Bei so vielen kreativen Köpfen und bewunderern der Kunst bzw des Designs erhoffe ich mir von euch einpaar inspirierende webseiten die sich eurer Meinung nach von den ganzen standart Templates/clanpages abheben.


Ich habe vor für das jahr 2013 (jup 2013) eine besondere Seite zu entwerfen und möchte dabei die schönsten Elemente die ihr aus dem Internet kennt (Design elemente, nicht technisch) mit einfließen lassen.

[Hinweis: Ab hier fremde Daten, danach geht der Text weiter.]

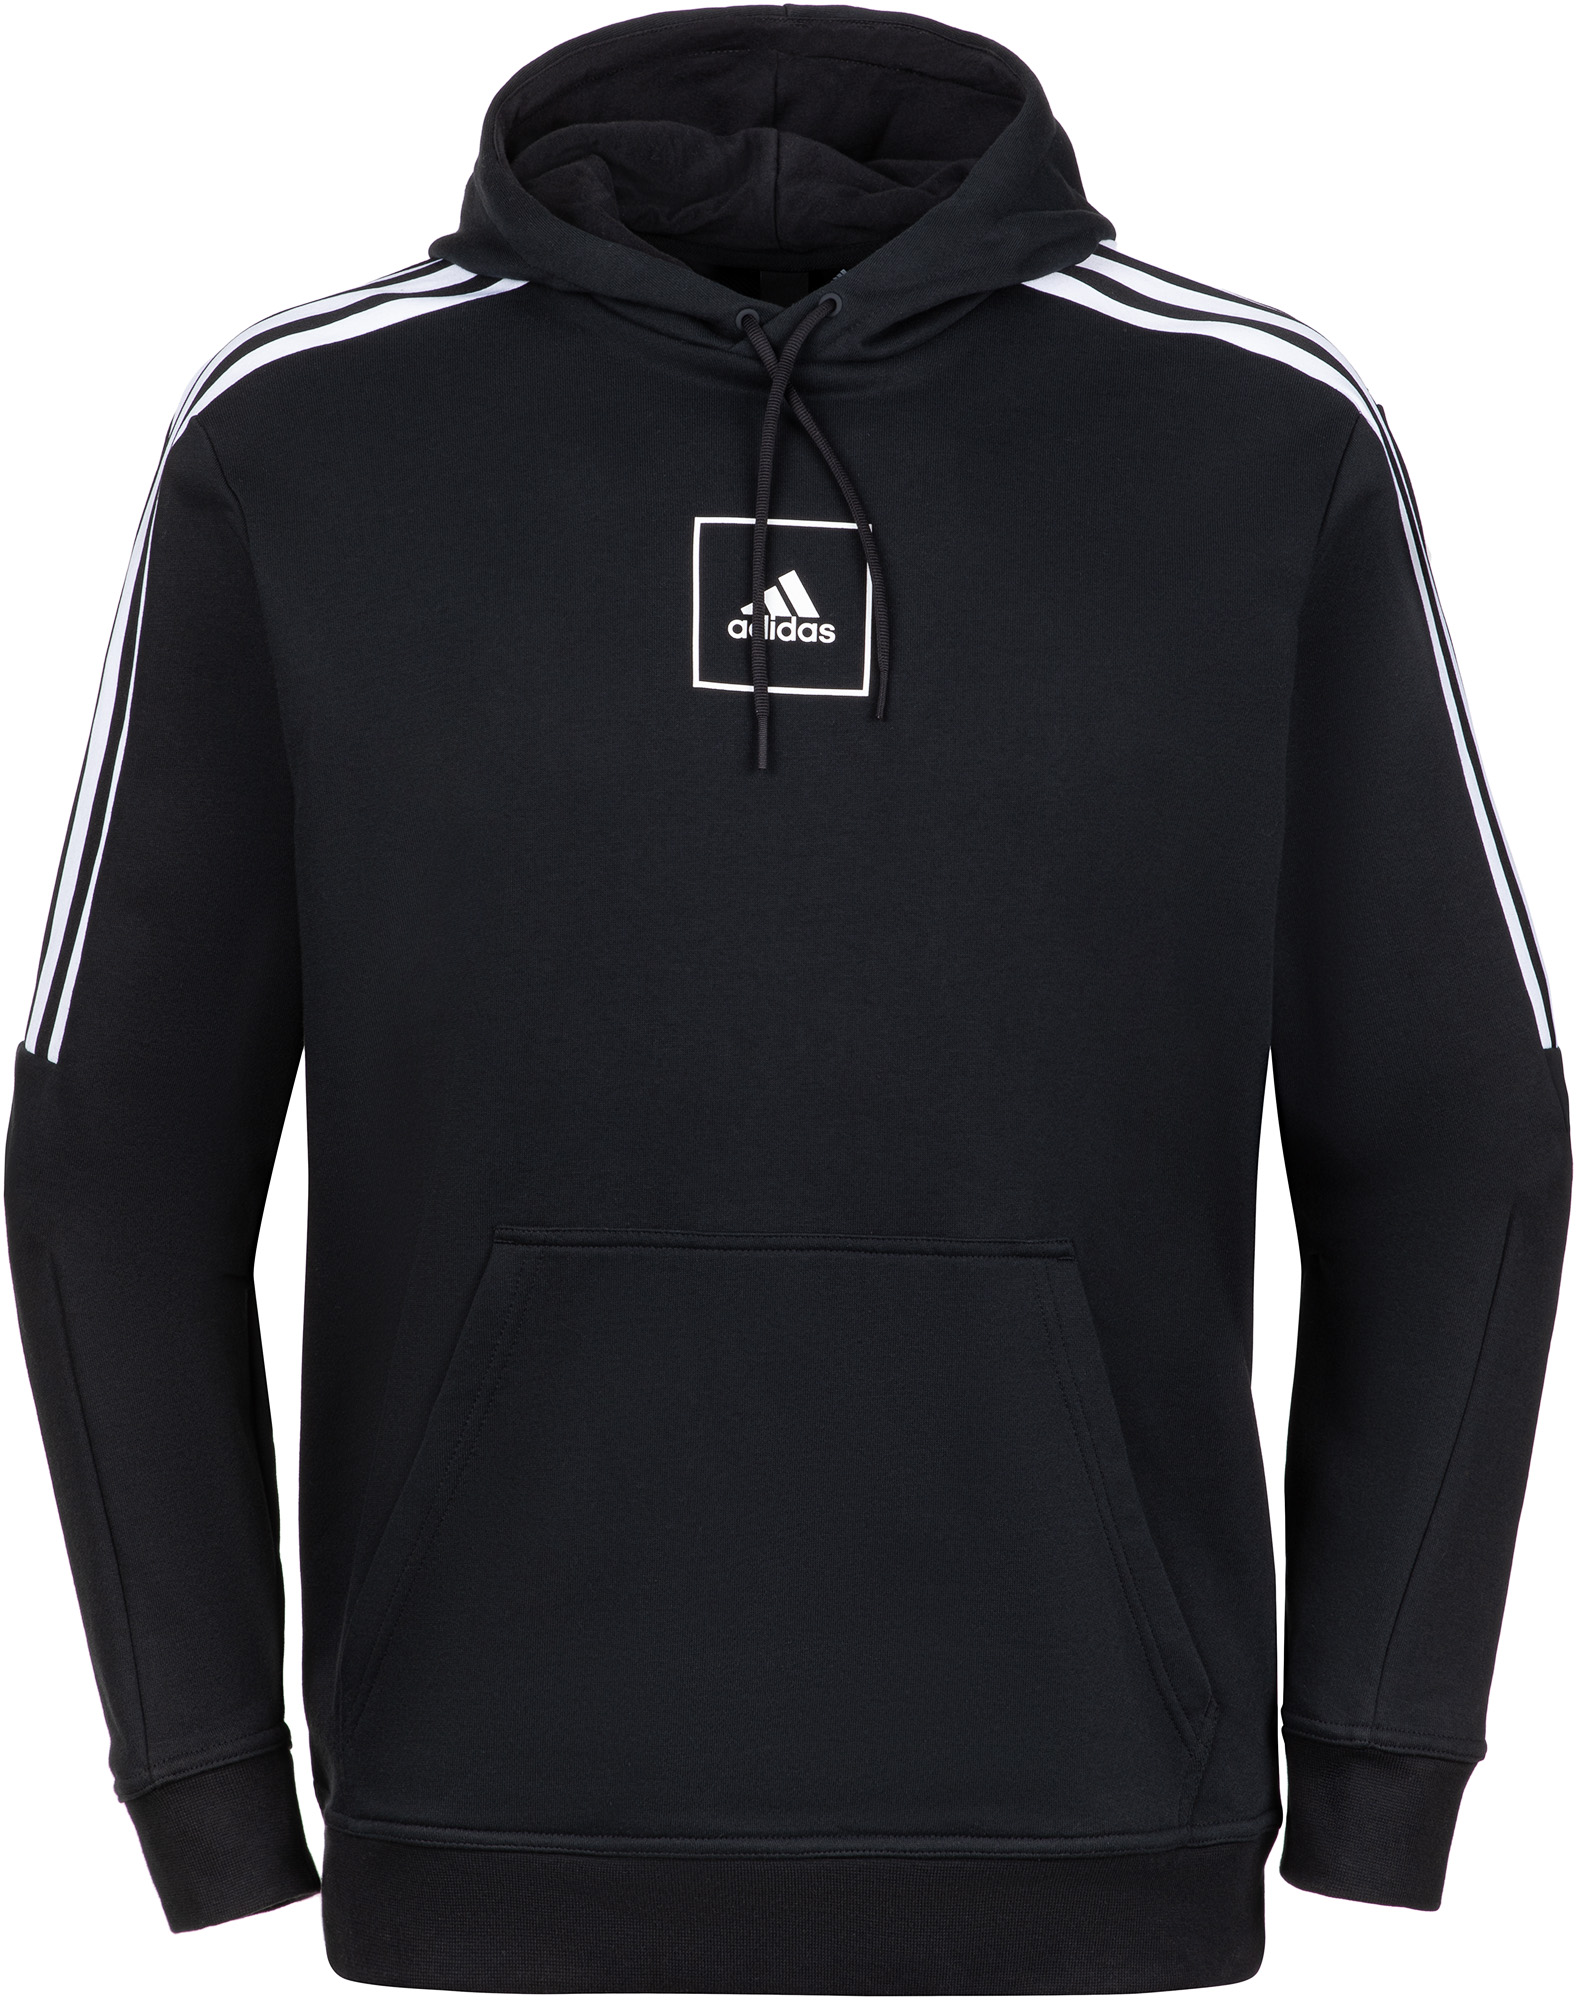 худи женское adidas ess 3s fz hd цвет серый розовый br2438 размер s 42 44 Adidas Худи мужская Adidas 3-Stripes, размер 44-46
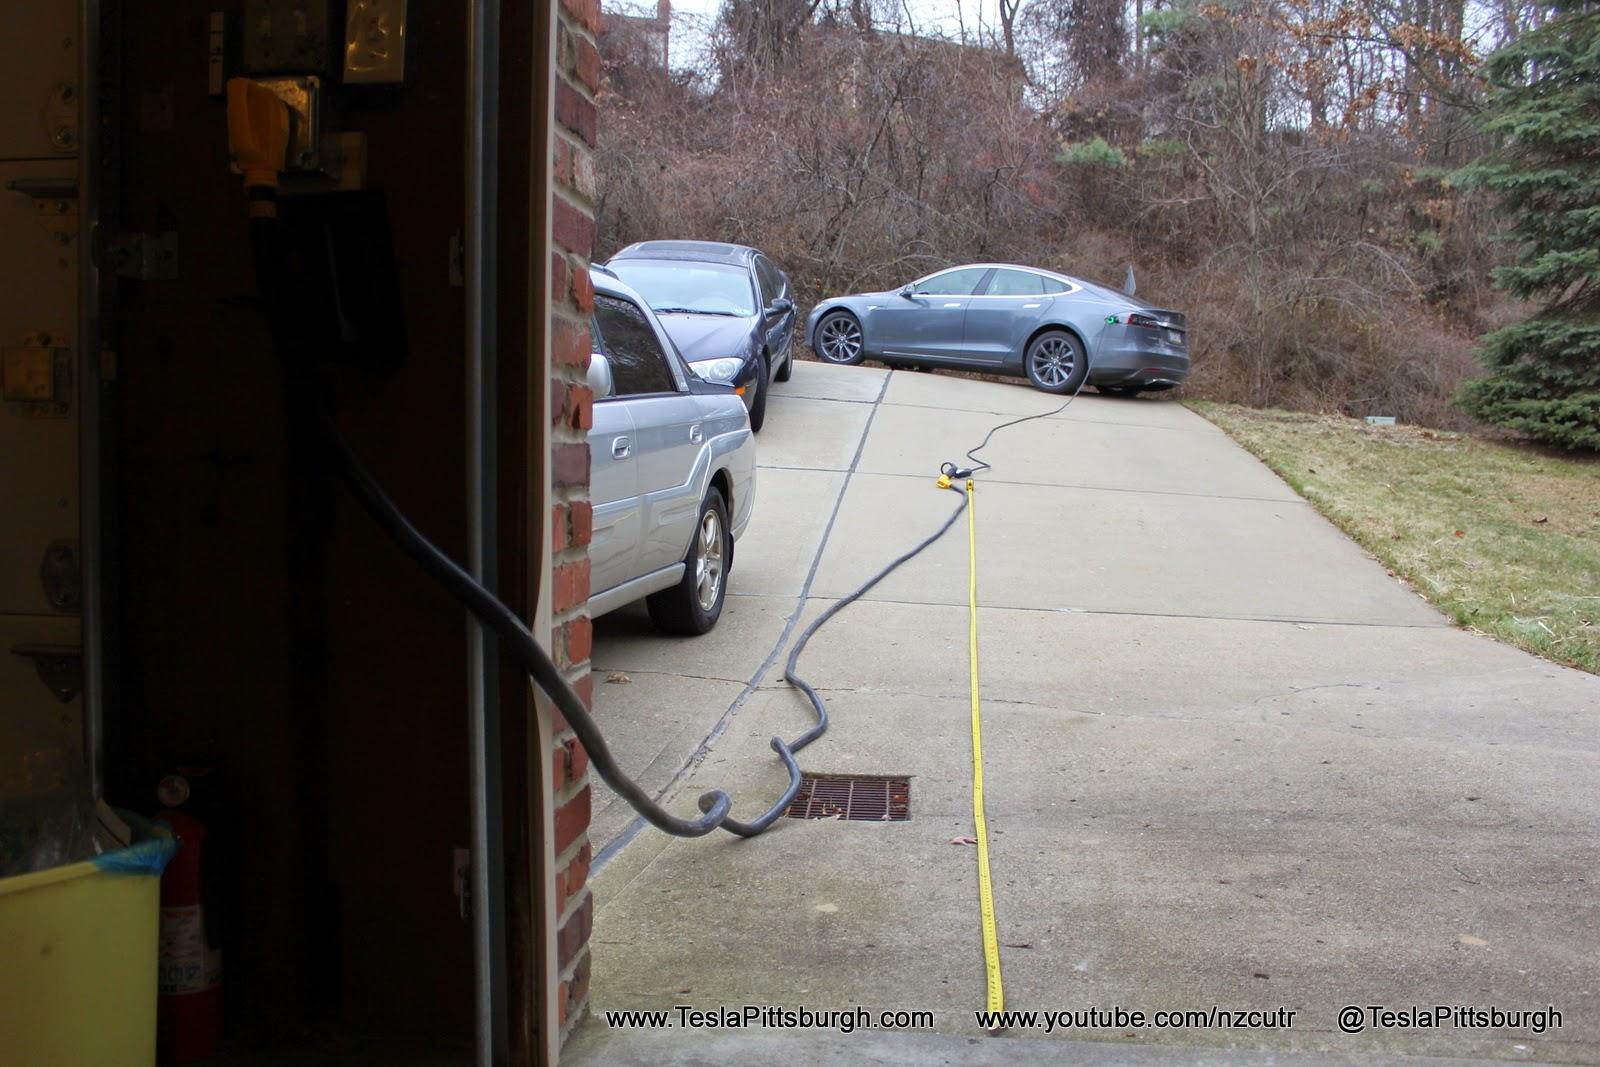 Tesla Umc Extension Cord Via Camco 50 Amp 30 Powergrip

Ich persönlich fand die ehemalige Clanseite von "Root-gaming" sehr einzigartig und liebevoll gestaltet (Dort wurde alles von hand gezeichnet usw) ..leider gibt es diese nicht mehr und darum kann ich euch diese auch nicht zeigen ..aber eventuell kennt der ein oder andere diese ja und erinnert sich.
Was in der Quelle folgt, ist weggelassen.